● **Assignment**
Find the line below with "DangerClose_KeyArt_V2.jpg" and the line with "Disney+ | Hulu". Output them and the lines between, exactly, but not the pictures.

● **Information**
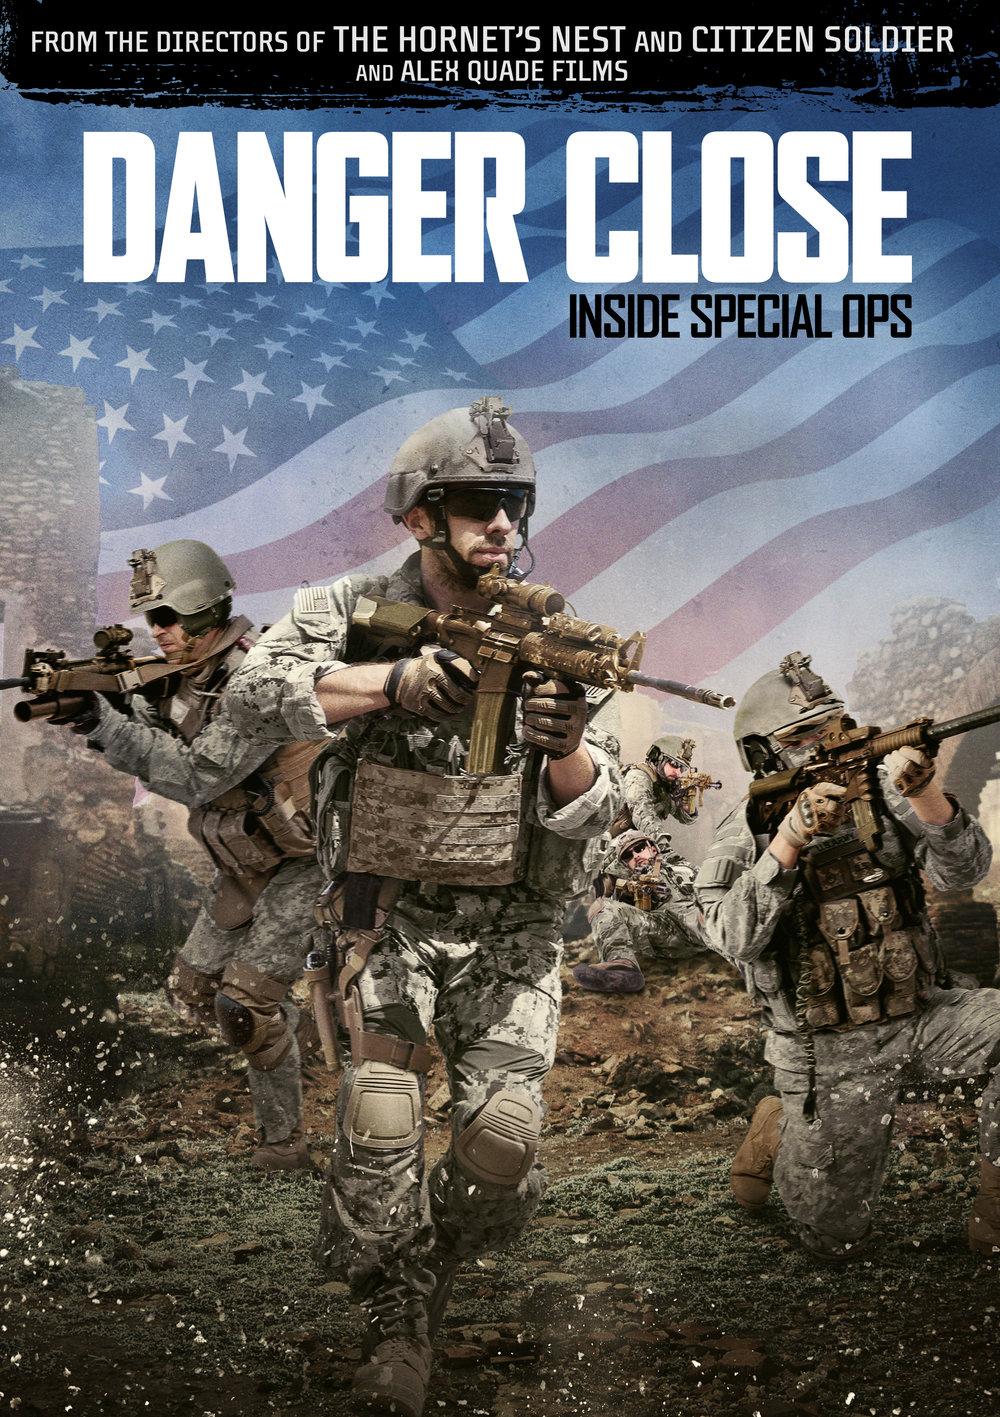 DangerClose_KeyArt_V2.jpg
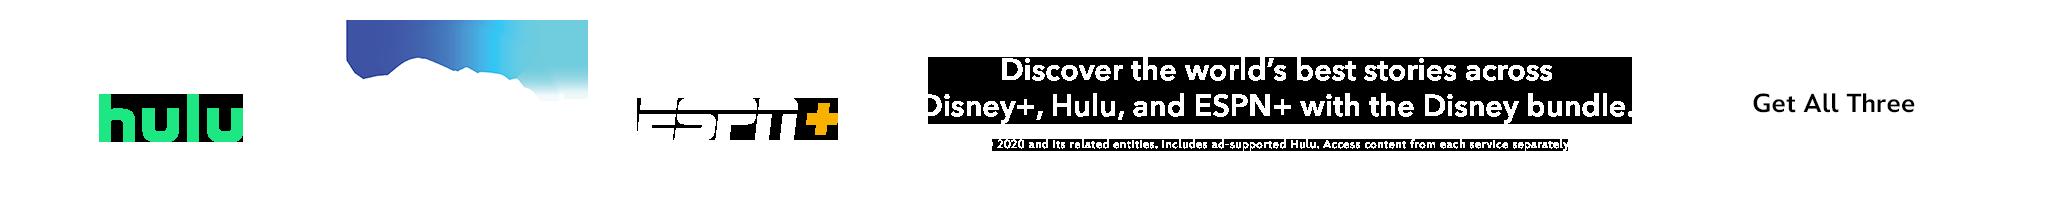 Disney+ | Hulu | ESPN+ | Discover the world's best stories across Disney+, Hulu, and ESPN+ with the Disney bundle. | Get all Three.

--

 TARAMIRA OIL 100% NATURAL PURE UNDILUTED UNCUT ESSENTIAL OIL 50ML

● **Output for this task**
 DangerClose_KeyArt_V2.jpg
 Disney+ | Hulu | ESPN+ | Discover the world's best stories across Disney+, Hulu, and ESPN+ with the Disney bundle. | Get all Three.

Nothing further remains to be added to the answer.